Stagecoach is the main bus operator - links to their Basingstoke network map on this here page.

Agree with the idea that Winchester is damned expensive (and has a reputation for being a bit snobby)

Hartley Wintney (as mentioned) is also damn expensive - possibly a bit twee for some - big on antiques shops, and a traditional 'cricket on the village green' sort of place.  It's also a bus or car journey to either Fleet or Winchfield stations.

Hook or Fleet may be worth a look - a commute to Basingstoke would be against the peak traffic flow, and would be handier for London.

Alton's not bad, although the trains from there to London are kinda slow.

Places a bit west of Basingstoke (the Oakley - Overton - Whitchurch direction) are cheaper than places east of Basingstoke, they are less sought after by London commuters as the Salisbury / Exeter line is not electrified and is a lot less frequent.

The Milestones Museum is not bad and had a reasonable cafe last time I went (it's next to the leisure park thingy where the park & ride bus runs from.)

Destination Basingstoke has more.  This is a more alternative view.

Visit.  Go and see what you think.


----------



## mauvais (Nov 19, 2015)

Puddy_Tat said:


> Alton's not bad, although the trains from there to London are kinda slow.


Yeah, but when you have your inevitable London-derived breakdown, you can do this:







and shout out, 'FUCK YOU FANCY LONDON, FUCK YOU WORK, I'M GOING IN THE OPPOSITE DIRECTION TODAY, _ON A STEAM TRAIN'._

And then actually do that.

It's the little things, you know.

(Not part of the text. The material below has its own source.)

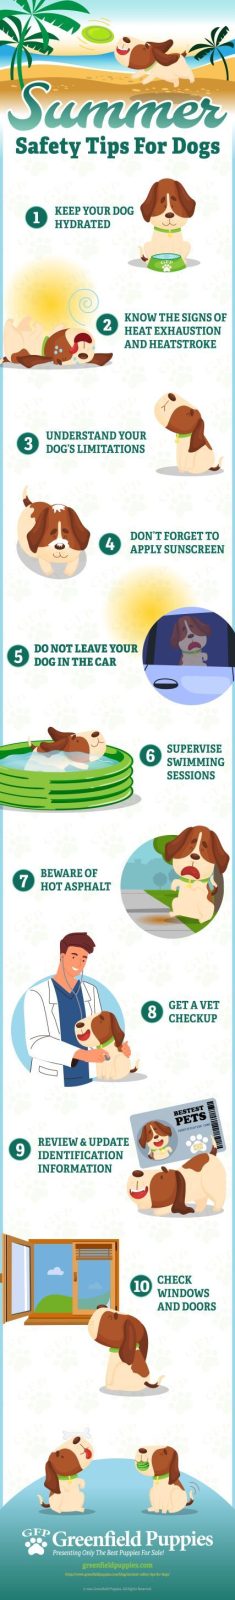 Summer Safety Tips For Dogs - Infographic by Greenfield Puppies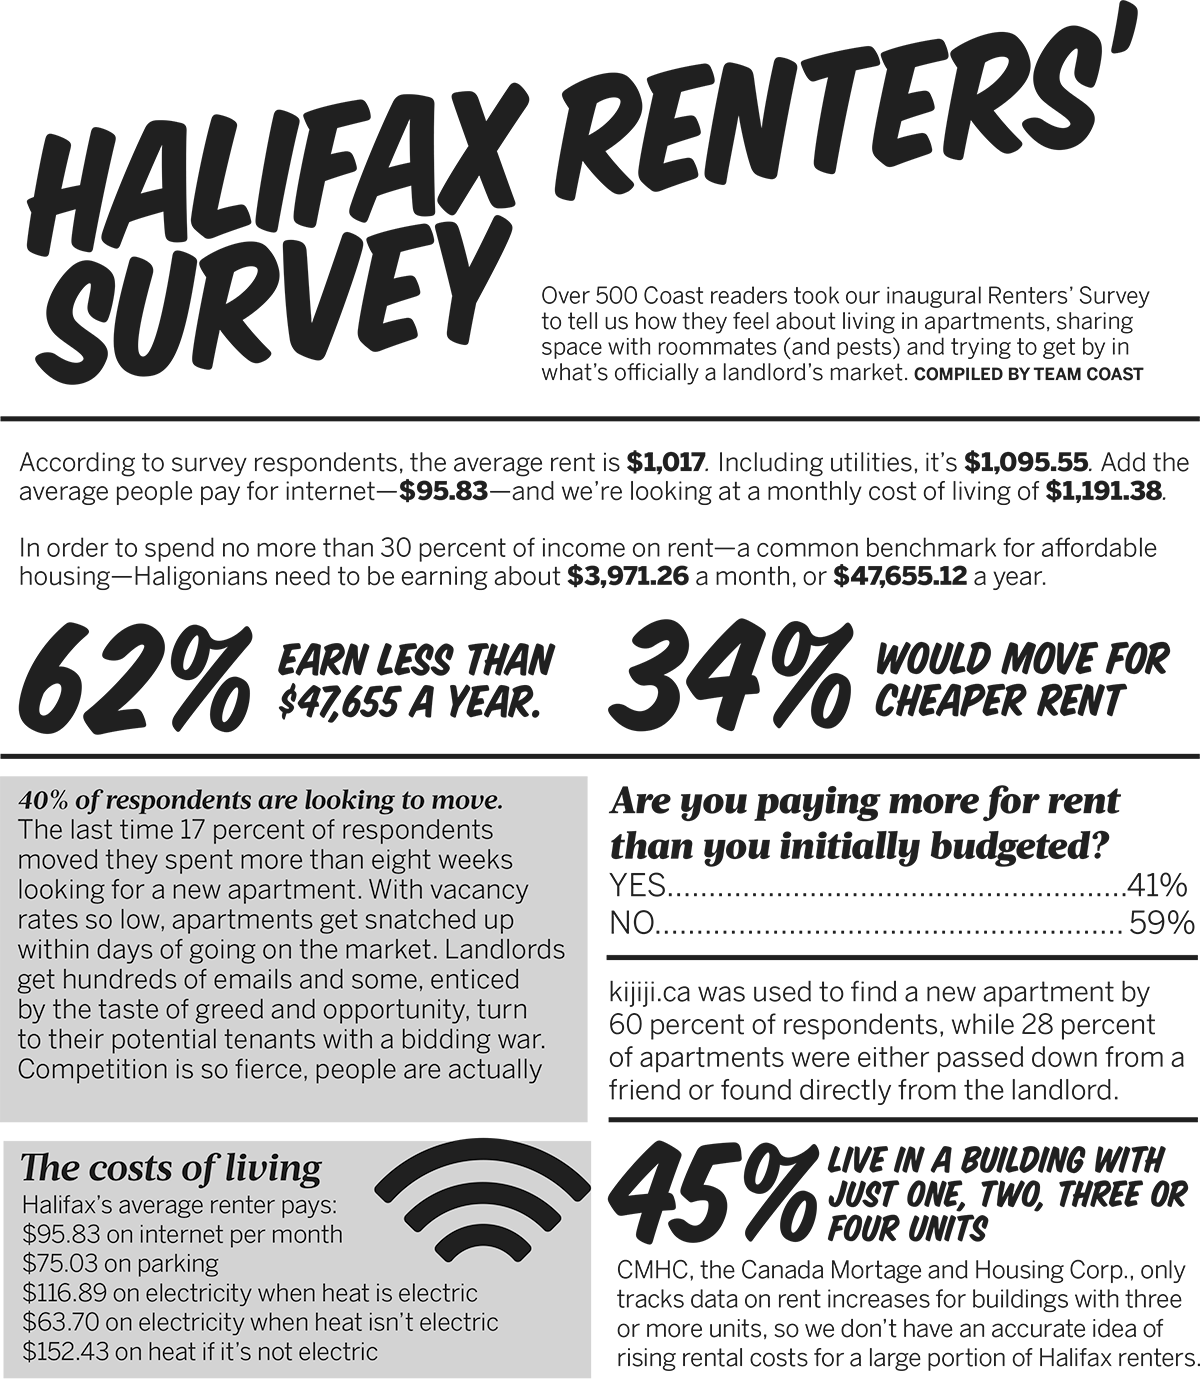 Burning Thoughts About Renting In Halifax From The

Foxtons wouldn't give you insight like that.


----------



## Chilli.s (Nov 19, 2015)

The countryside is lovely, the town itself is shit.


----------



## keybored (Nov 19, 2015)

Amazingstoke isn't "vibrant", but nor is it "stabby".

Tough choices. Where are you moving from?


Hellsbells said:


> I just don't want to live somewhere that's an apsolute, isolated shithol


It's a satellite town within easy commutable distance of London. It's not an isolated shithole. 


Hellsbells said:


> I'd probably want to live on the outskirts in one of the nearby villages.


.
Well, then you do want to live in an isolated (but less than shit)hole.


----------



## souljacker (Nov 19, 2015)

Come and live in Reading. Basingstoke is full of wankers.


----------



## fredfelt (Nov 19, 2015)

Hellsbells said:


> ..I'm just struggling to be remotely enthusiastic about it....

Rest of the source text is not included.